Рассказы имеют много общего, как в содержании, так и в повествовательной структуре.

Во-первых, персонажи рассказов (первых трех) выполнены в манере внешне пародийной, с внутренней трагической интонацией. Чехов отчасти будто возвратился к стилистике Антоши Чехонте, сводя образ персонажа к одной (двум-трем) чертам. Отсюда и основной принцип построения рассказов — параллельные конструкции, повторяющиеся темы, детали, фразы.

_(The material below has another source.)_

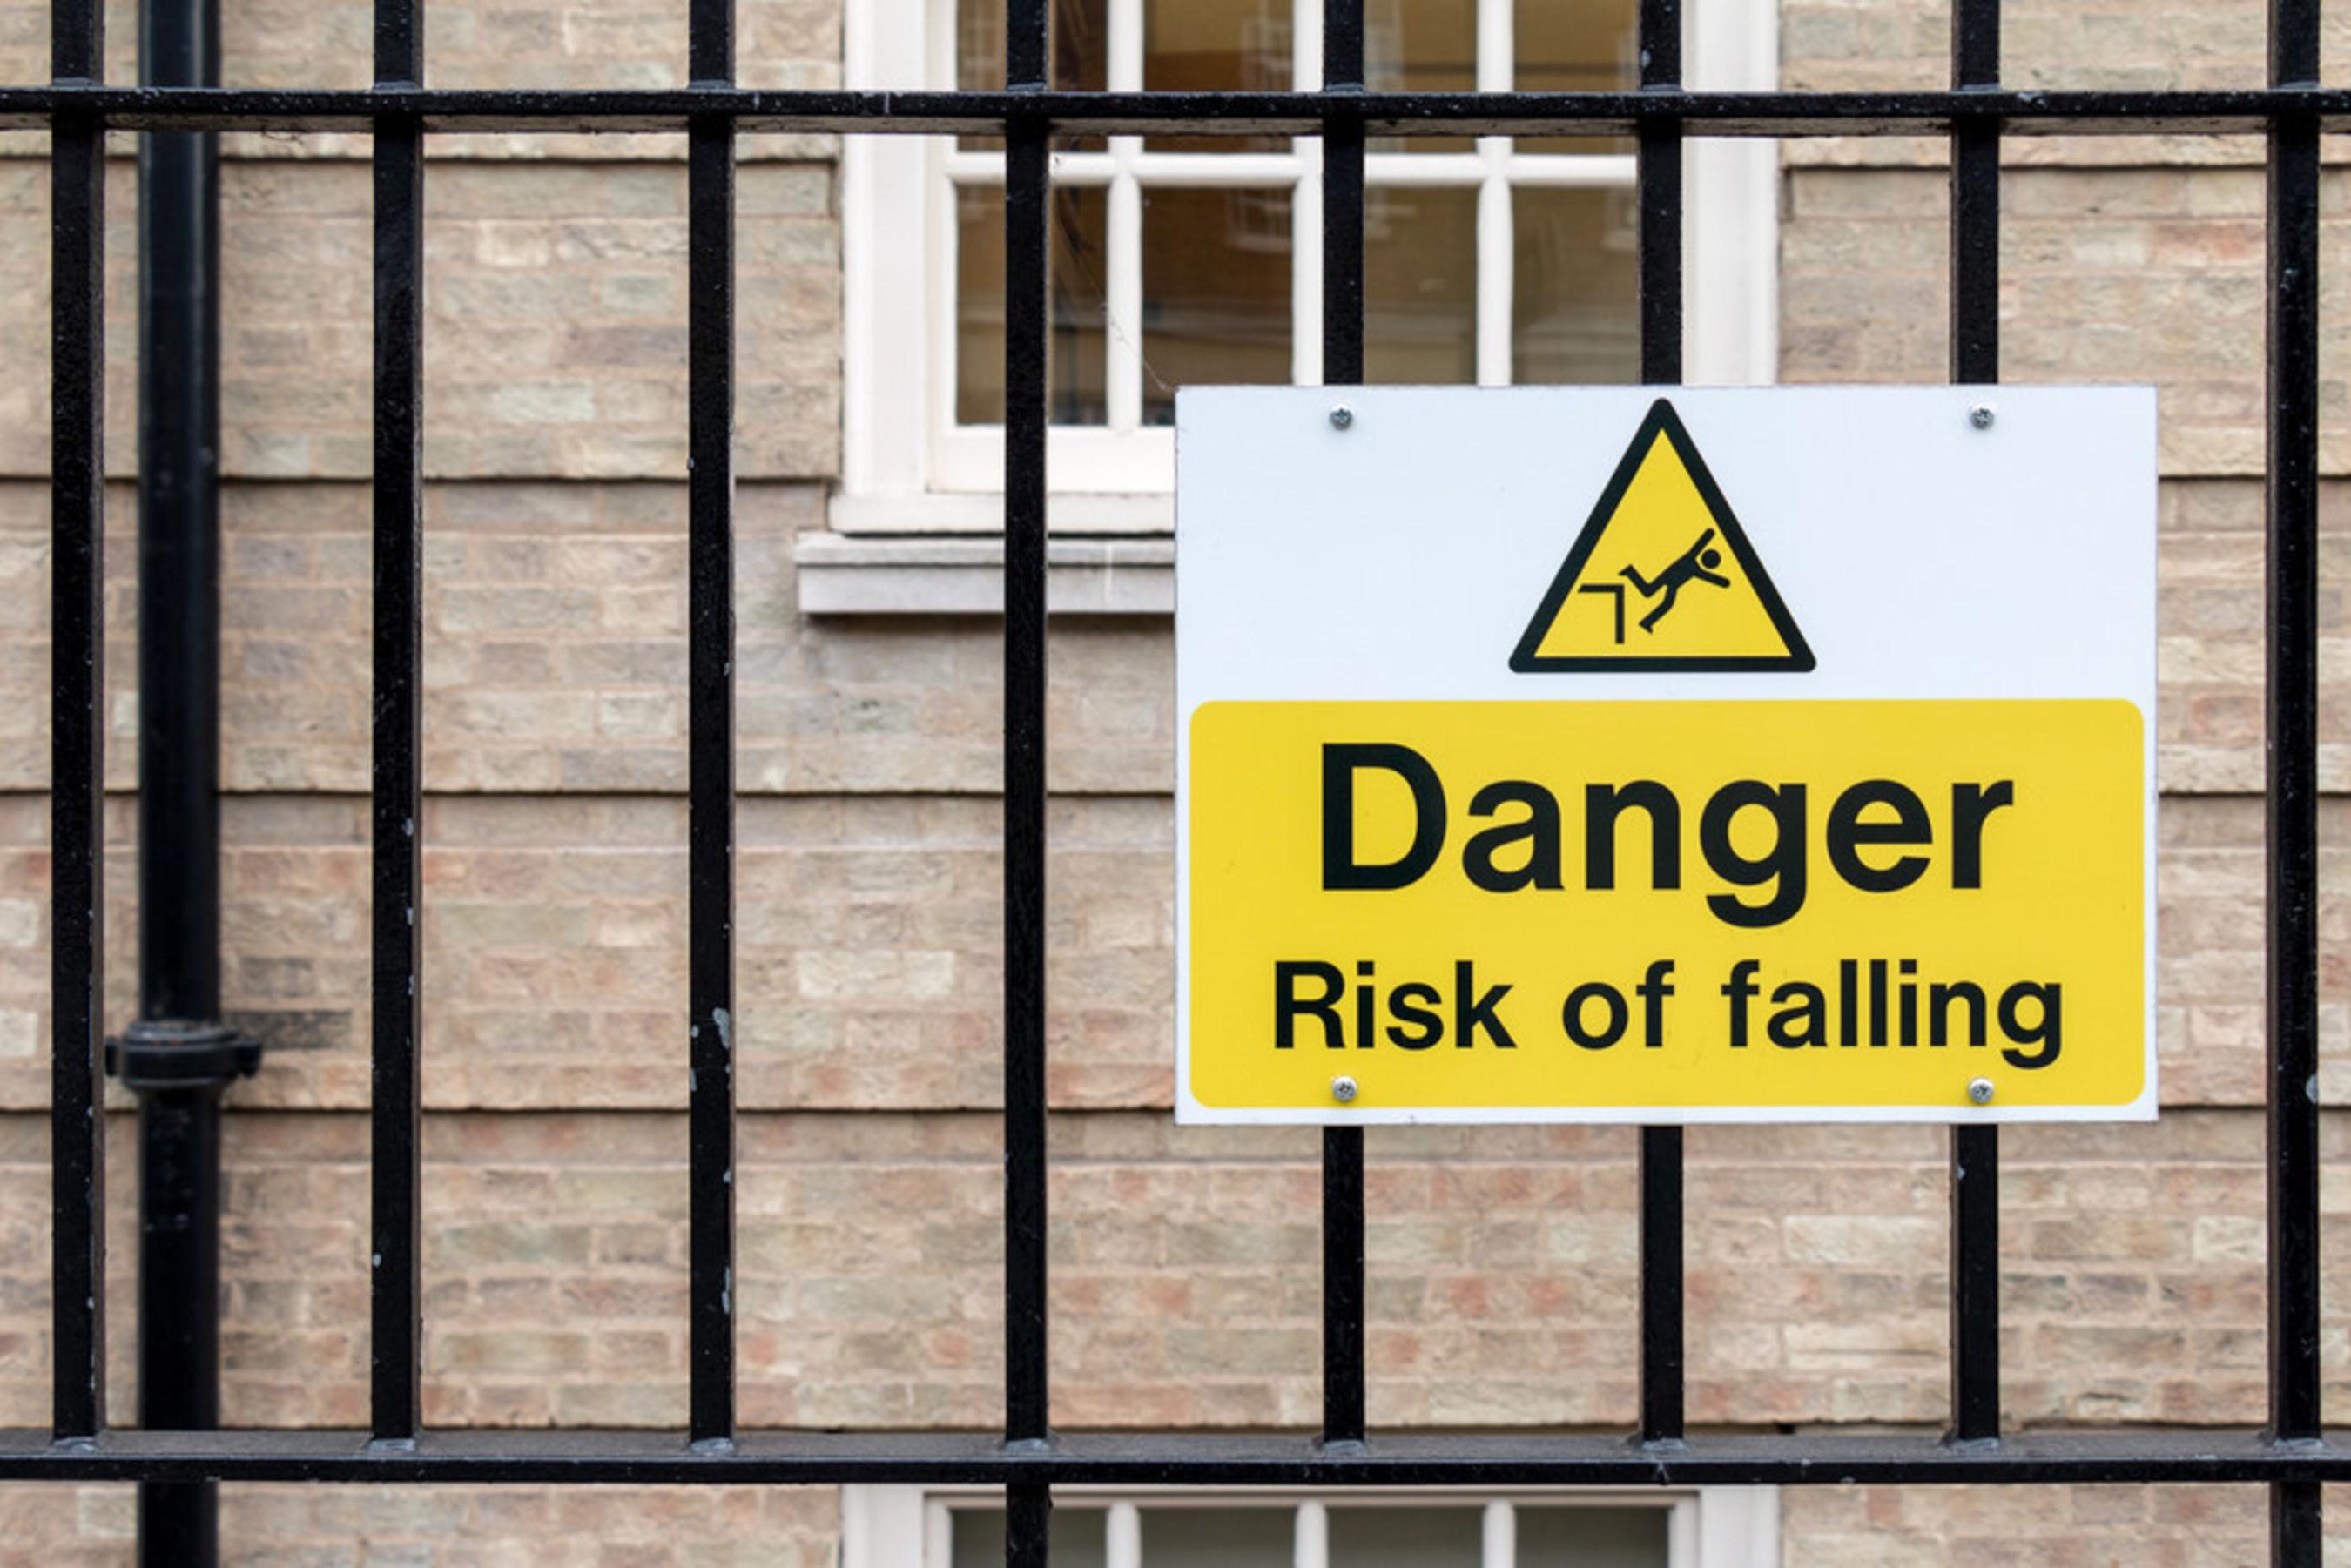 Danger Sign: Risk of Falling

Во-вторых, в рассказах изображены невероятные, почти фантастические (если попытаться вообразить их в жизни) существа: доктор Старцев, учитель гимназии Беликов, служащий казенной палаты, потом помещик Николай Иваныч.

В-третьих, повествование в рассказах распадается на сцены и открыто декларативные высказывания.

Посмотрим на «Ионыча» и «футлярную» трилогию Чехова, имея в виду эти аспекты, вычленяя несколько позиций, имеющих конкретное текстуальное оформление.

«Ионыч»

Позиция 1. Смысловая направленность повествования. Начало рассказа.

«Когда в губернском городе С. приезжие жаловались на скуку и однообразие жизни, то местные жители, как бы оправдываясь, говорили, что, напротив, в С. очень хорошо, что в С. есть библиотека, театр, клуб, бывают балы, что, наконец, есть умные, интересные, приятные семьи, с которыми можно завести знакомства. И указывали на семью Туркиных как на самую образованную и талантливую» (10: 24).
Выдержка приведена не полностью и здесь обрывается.